I often go up to St. Beuno’s up in the hills near Tremeirchion.  A wonderful place to go.  They have a delightful labyrinth set out in the garden and a little chapel up on a hill quiet, away from everything.  You can spend a quiet day week month or ever three months there.  They even provide space for three month silent retreats.
I remember going once with a group for a day – though I forget the speaker or even the subject.  Obviously that made a great impression on me.  We enjoyed lunch and the grounds and the sunshine and came away.  Some other people had arrived that day.  they had arrived for a three month silent retreat.  They were only allowed to speak once a week to a mentor about how it is going through the week to share any problems.  When we were there for the first time they were really unsure of themselves.  Most of them had not been there before, they didn’t know where everything was, and were really unsure of what was ahead of them.

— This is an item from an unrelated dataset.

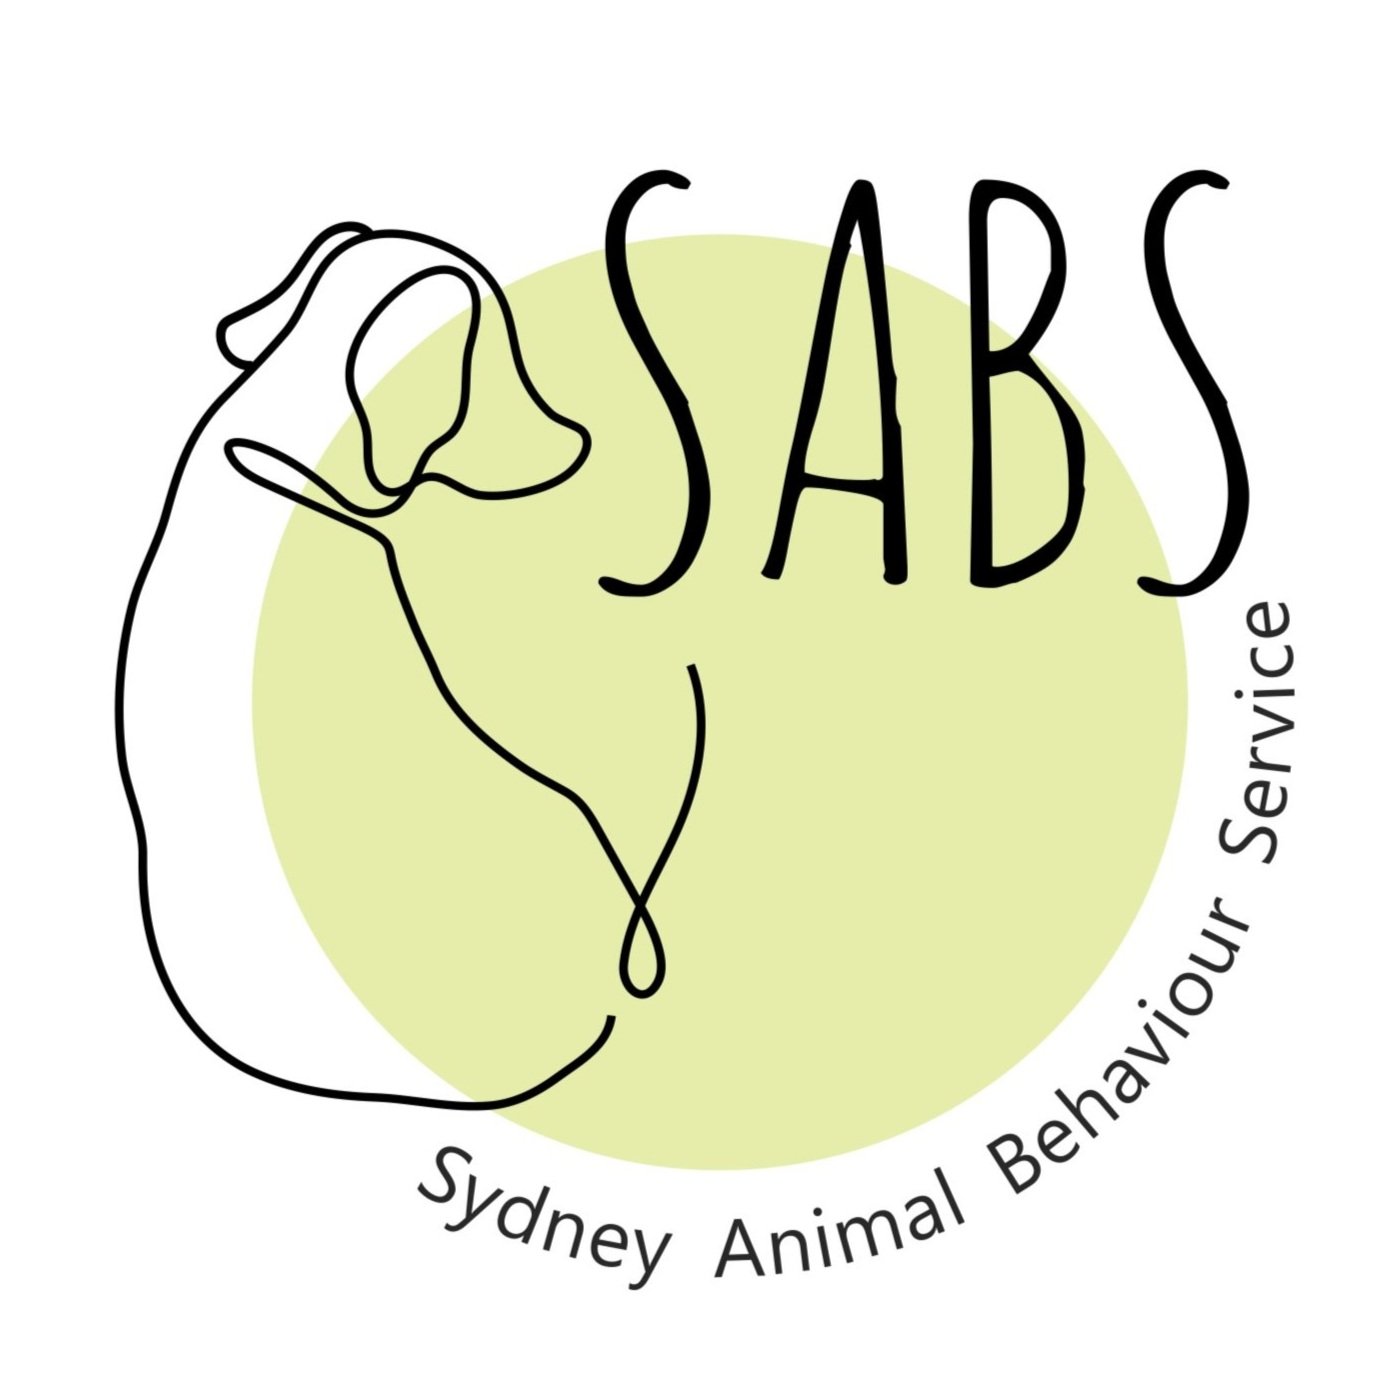 Sydney Animal Behaviour Service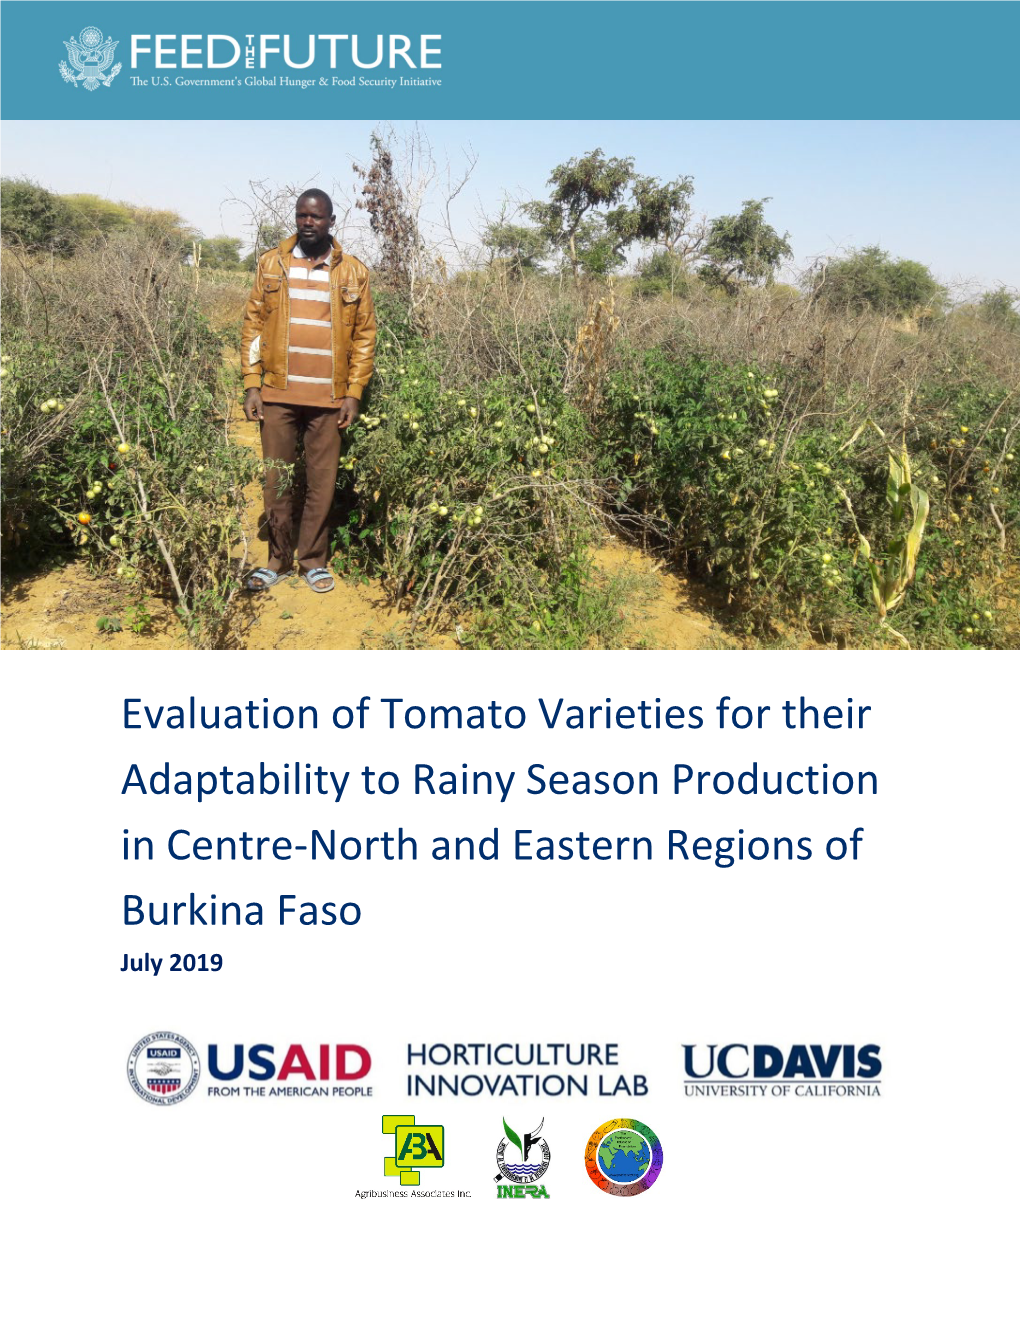 Burkina Faso Rainy Season Tomato Trial Report

I remember going back for another day and they were half way through or three quarters through their retreat.  You could see the difference immediately they knew their surroundings.  Mealtimes were hilarious for the outsider looking in because routine had taken over.  Things that were at set times were extremely important.  The walls of the centre had become so very familiar encompassing them.  So their routine and day to day life was familiar, that was what they knew.  I wish I had gone back at the end of their retreat when they were ready to leave because I wonder whether they would have wanted to leave?  They had spent three months in this place, pretty much cut off from the world around them no contact with other people, no communication.  They certainly had been anxious, then they were used to the place, So I wonder whether they would have wanted to leave by the end.  In the film Shawshank Redemption there is another inmate called Brookes Halten.  Half way or so through the film we see Brookes with a knife to the throat of another prisoner.  He has been given parole after 50 years.  He wants to cut the other prisoners throat so that they won’t send him on parole.  He wants to stay in the prison because it has become home.  It has become so familiar that he doesn’t want to go out.  He is an important man in the prison, an elder statesman, a librarian.  He’s looked up to and given respect.  Yet, outside the prison, Red reflects, he probably couldn’t even get a library card because of where he has come from.  He doesn’t want to leave.  Is it going to be like that at the end of lent?  So enclosed by what we have built around ourselves we don’t want to leave Lent has become familiar.  I think we do this in the Church all too often and frequently.  We find ourselves enclosed and familiar and it is very hard to step outside.  When you do, what is the world outside like?  For Brookes, the world outside was too much, he couldn’t take it.  It was so different from what he knew before that sadly he took his own life and he couldn’t understand why the world had changed so much.  He had been enclosed.  He had not seen the world for 50 years.  Fortunately for us lent isn’t 50 years, it’s only 40 days.  Jesus only spent 40 days in the wilderness and came out transformed.  He had taken something in with him.  Something which Brookes didn’t have and its something that someone who did go into that Prison did have.  And he is the subject of the next sermon.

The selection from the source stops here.